Vanuit het perspectief van overheidskosten per vermeden ton CO2 vergt de fiscale stimulering van emissievrije auto’s een relatief hoge lastenschuif. Zoals beschreven in mijn antwoorden op vragen 16 en 17 moet worden gekeken naar alle voordelen van de transitie naar emissievrij rijden om deze maatregelen op doelmatigheid en doeltreffendheid te beoordelen.

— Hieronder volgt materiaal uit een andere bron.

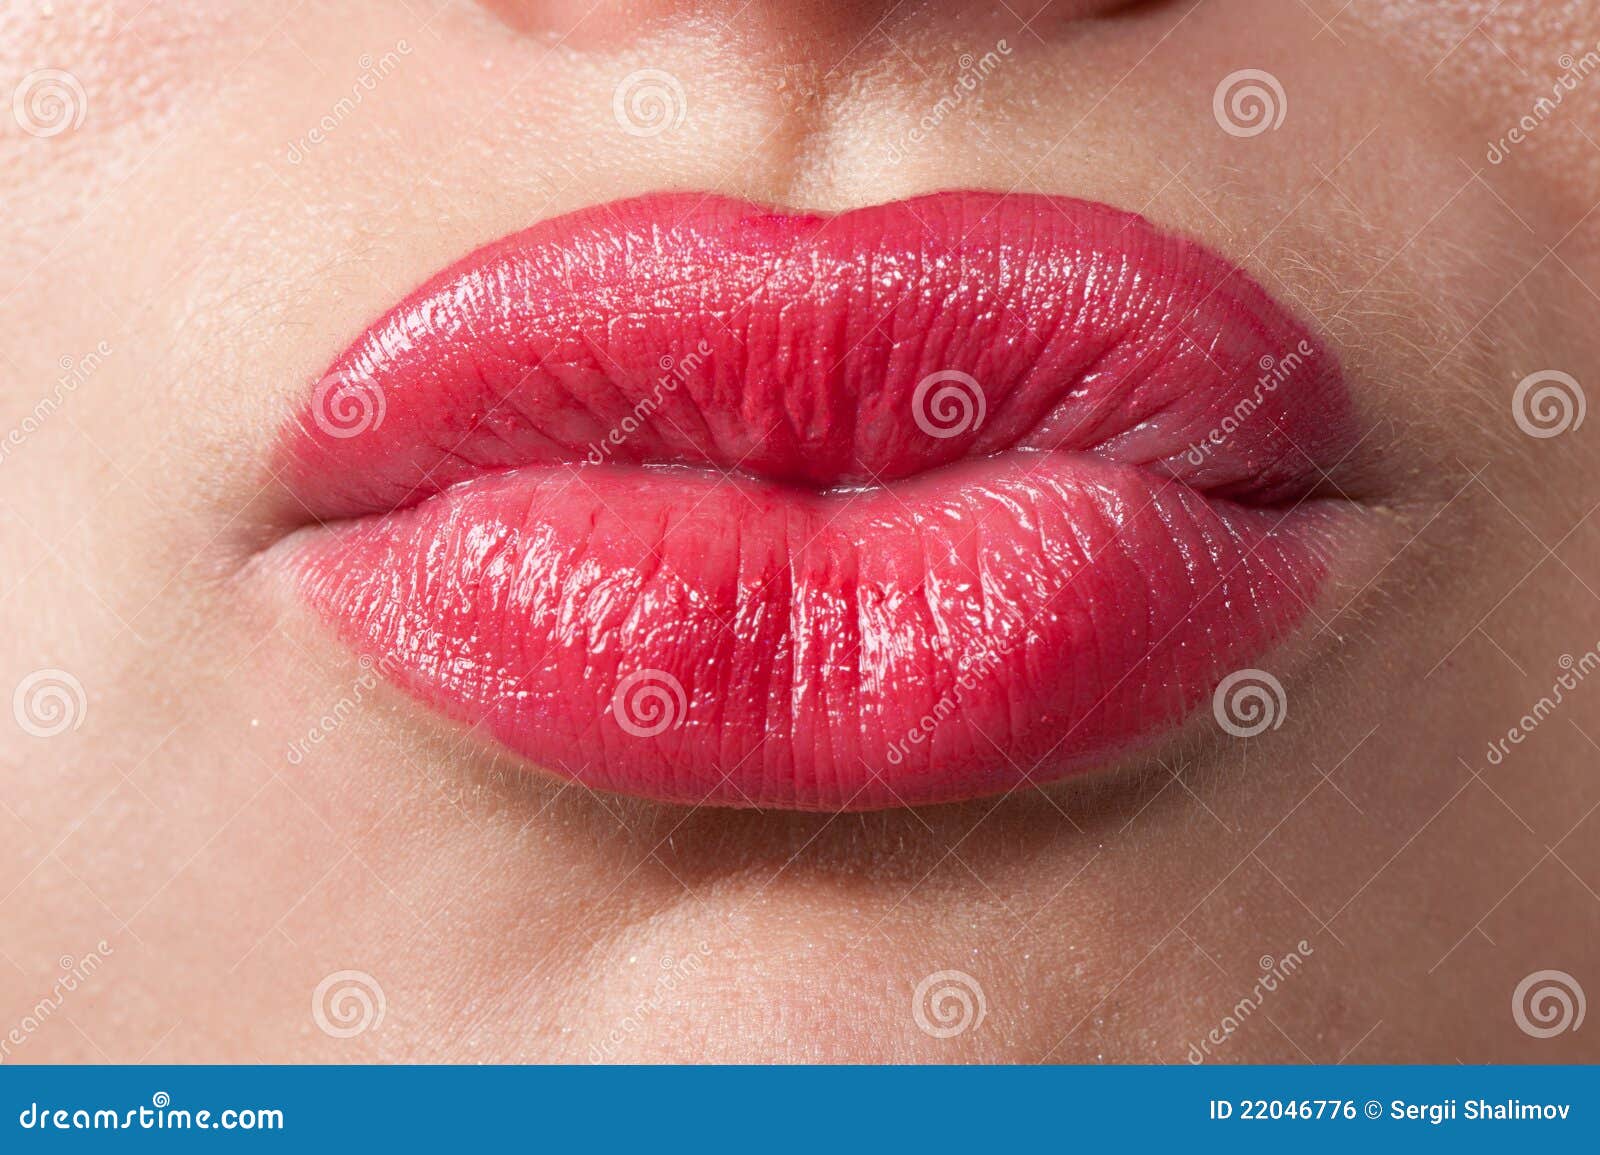 Hot Kiss 2 Royalty Free Stock Image - Image: 22046776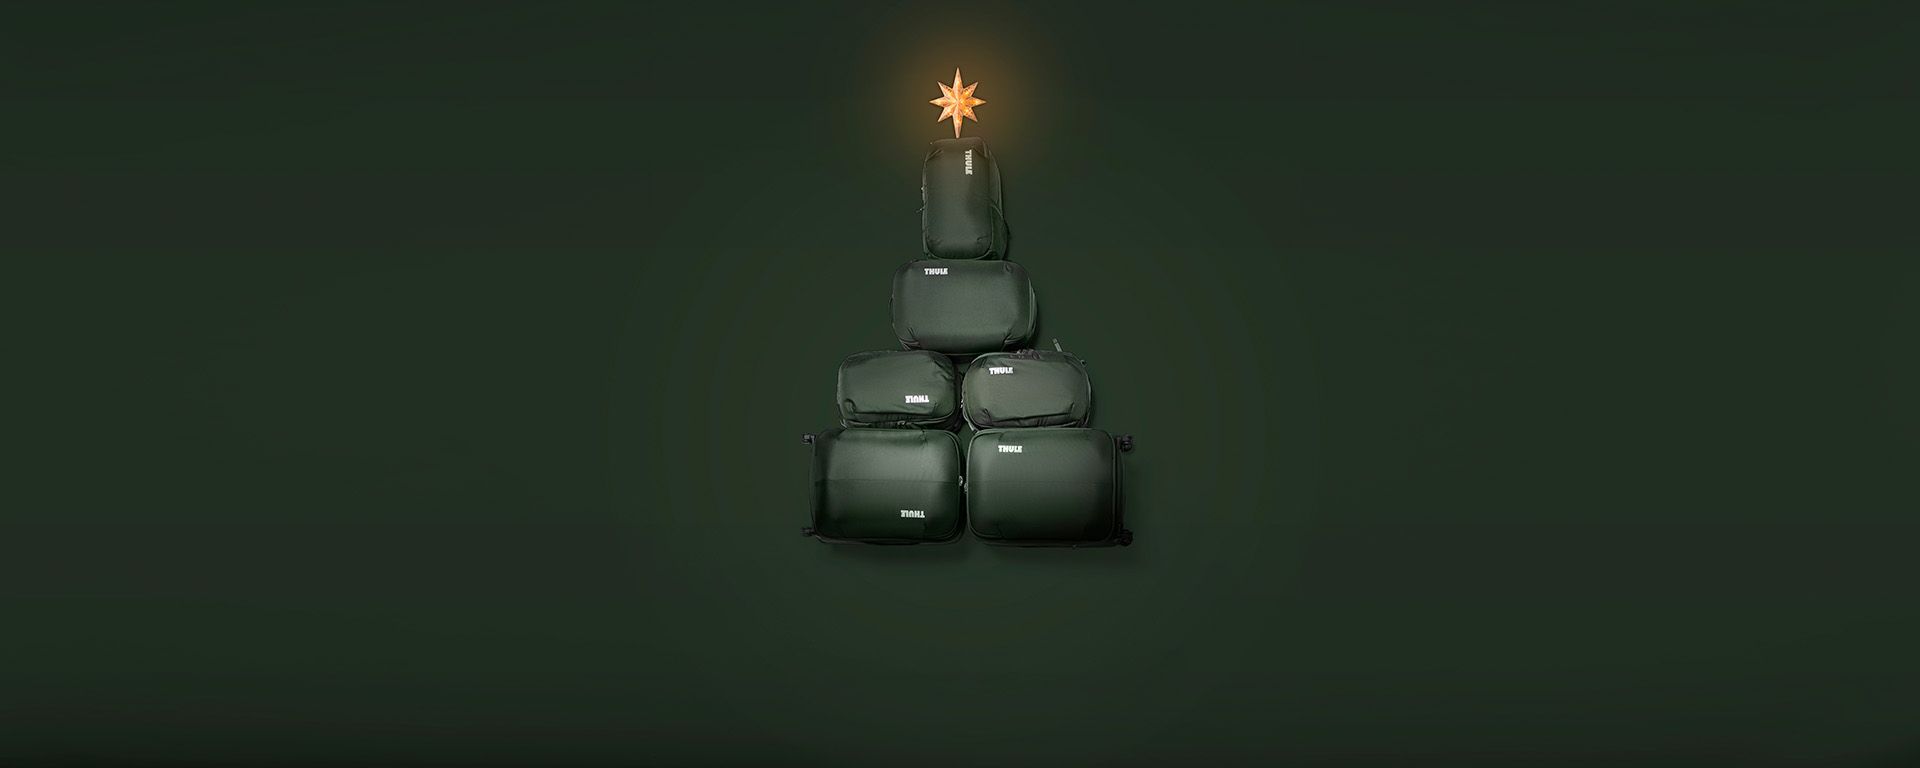 Četiri putne torbe Thule Chasm zelene boje na gomili sa zvijezdom na vrhu poput božićnog drvca.

Herinnert u zich dat bij LNG precies te berekenen viel of de milieuwinst (minder CO2, minder fijnstof, minder NOx) genoeg maatschappelijke baten had om kosteneffectief te zijn?7
In de «Evaluatie teruggaafregeling LNG in de accijnzen» is inderdaad gekeken naar kosten van de regeling ten opzichte van de milieubaten die samenhingen met CO2, NOx en PM10. In de evaluatie is toen ook aangegeven dat het monetariseren van de milieubaten een vrij brede bandbreedte betrof. Ook werd opgemerkt dat in de evaluatie geen volledige maatschappelijke kosten- en batenanalyse is gedaan. In de evaluatie staat daarover het volgende:
«De kosten van de regeling per truck die begin 2016 is aangeschaft, aangenomen dat de regeling na 2018 stopt, zijn berekend op € 11.000.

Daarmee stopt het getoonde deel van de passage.